12 surgeons, 10 hours, 10 patients: Quintuple Kidney Transplant - KLTV.com - Tyler, Longview, Jacksonville |ETX News

11/20/06-BALTIMORE, Maryland

12 surgeons, 10 hours, 10 patients: Quintuple Kidney Transplant

Kidney recipient Sheila Thornton thanks Johns Hopkins Hospital and transplant surgeon Robert Montgomery. Kidney recipient Sheila Thornton thanks Johns Hopkins Hospital and transplant surgeon Robert Montgomery.
Kidney recipient Kristine Jantzi, left, and altruistic donor Honore Rothstein, right, meet for the first time after the quintuple tranplant. Kidney recipient Kristine Jantzi, left, and altruistic donor Honore Rothstein, right, meet for the first time after the quintuple tranplant.

 It took 12 surgeons, six operating rooms and five donors to pull it off, but five desperate strangers simultaneously received new organs in what hospital officials Monday described as the first quintuple kidney transplant.

All five recipients -- three men and two women -- were doing fine, as were the five organ donors, all women, said Eric Vohr, a spokesman at the Johns Hopkins Comprehensive Transplant Center. The donors and recipients came from Canada, Maine, Maryland, West Virginia, Florida and California.

Several triple transplants have been done at Johns Hopkins, but hospital officials said the five simultaneous transplants performed Tuesday were a first.

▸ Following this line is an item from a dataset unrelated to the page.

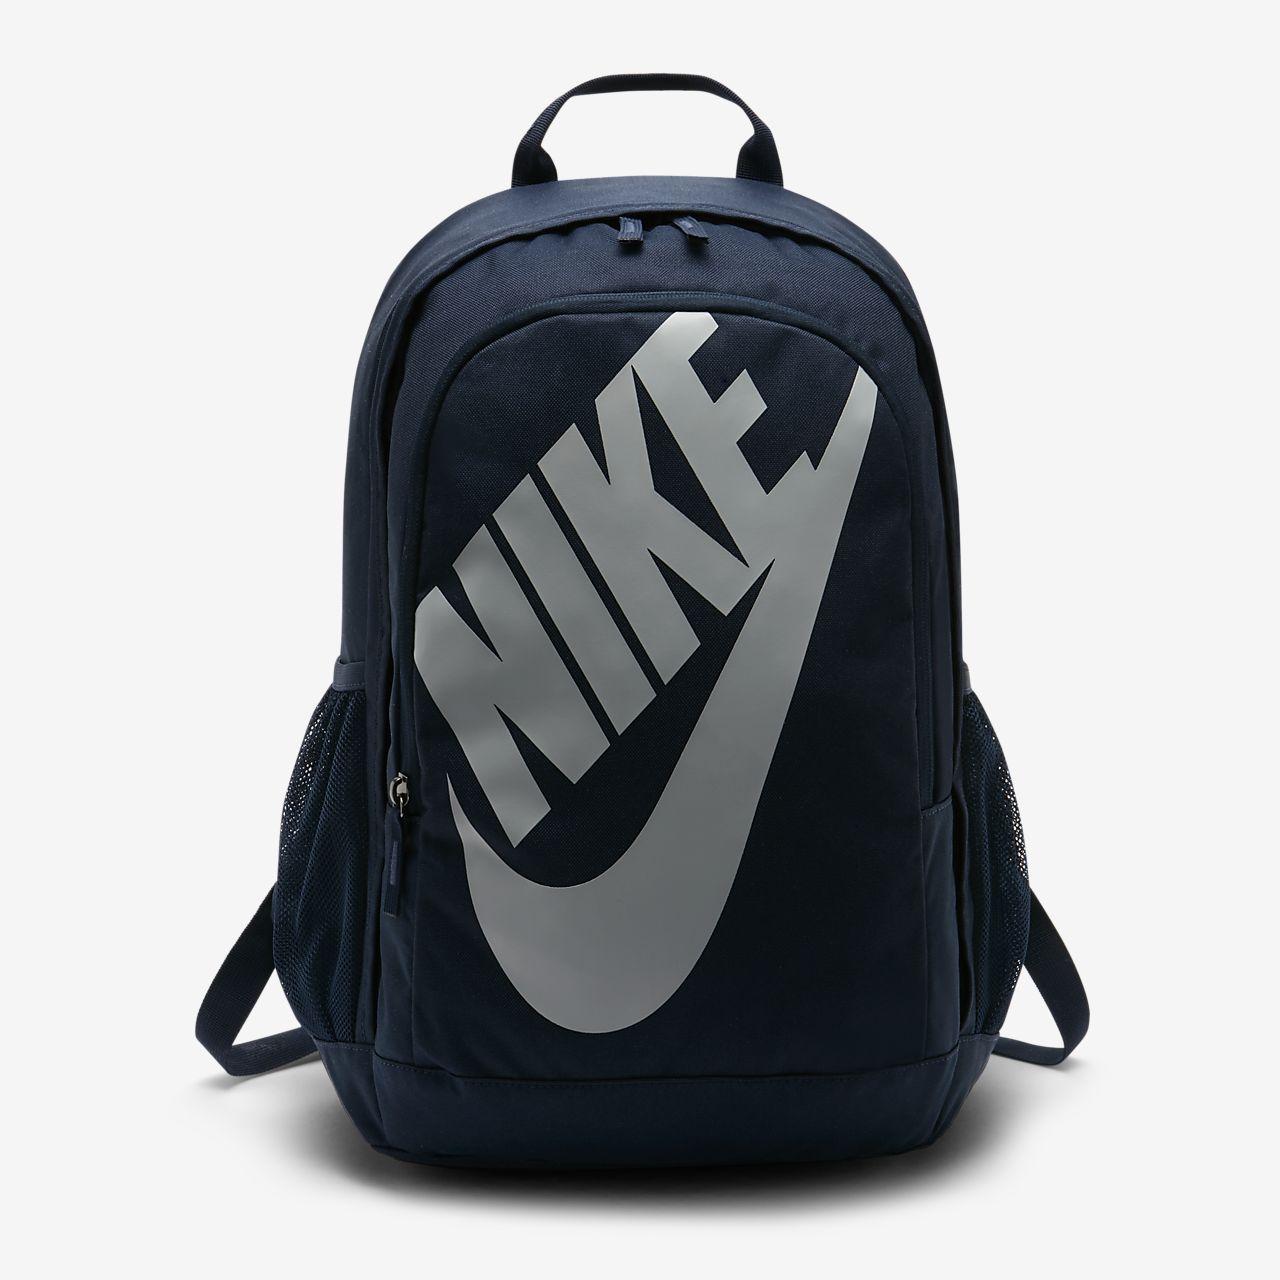 cbfb4366e6 Nike Sportswear Hayward Futura 2.0 Backpack. Nike.com LU

Four of the sick patients had approached Johns Hopkins with a relative who was willing to donate a kidney but was an incompatible donor. The fifth had been on a waiting list for a kidney from a dead person.

Together, those nine people and an "altruistic donor" had enough matched kidneys among them to pull off a five-way swap.

The altruistic donor, Honore Rothstein, decided to donate a kidney after losing her husband and daughter to accidents and illness, Vohr said. She did not know any of the donors or recipients.

The operations involved six operating rooms, 12 surgeons, 11 anesthesiologists, and 18 nurses, and took place over 10 hours. The removal of the donor organs began at 7:15 a.m. and was completed by 11 a.m. The kidneys were implanted in operations that began at 1 p.m. and were finished at 5:15 p.m.

Last year, Johns Hopkins doctors performed a triple transplant also involving an altruistic donor who was willing to give his kidney to anyone in need. The donor was a member of a Christian group, many of whose members have given kidneys to strangers.

Annie Moore, a spokeswoman for the United Network for Organ Sharing, the nonprofit organization that coordinates U.S. organ transplants, said she wasn't aware of any other quintuple kidney transplants. Triple transplants are the most that have been performed to date, and paired transplants are more common, Moore said.

Most kidney transplants use organs taken from cadavers, but doctors prefer taking organs from live donors because the success rates are higher.

In a live-donor practice used increasingly in the U.S. over the past few years, a patient who needs a kidney is matched up with a compatible stranger if the patient lines up a friend or relative willing to donate an organ to a stranger, too.

Dr. Robert Montgomery, director of Hopkins' transplant center and head of the transplant team, called Monday for a national kidney-swap program, saying it could help ease the nation's shortage of transplant organs and cut costs by getting people off dialysis.

He noted, however, that live-donor kidney swaps present ethical problems for some institutions since federal law prohibits receiving something of value in exchange for an organ. Some institutions feel multiple arrangements come uncomfortably close to quid pro quo, Montgomery said. He called for a clarification of the law.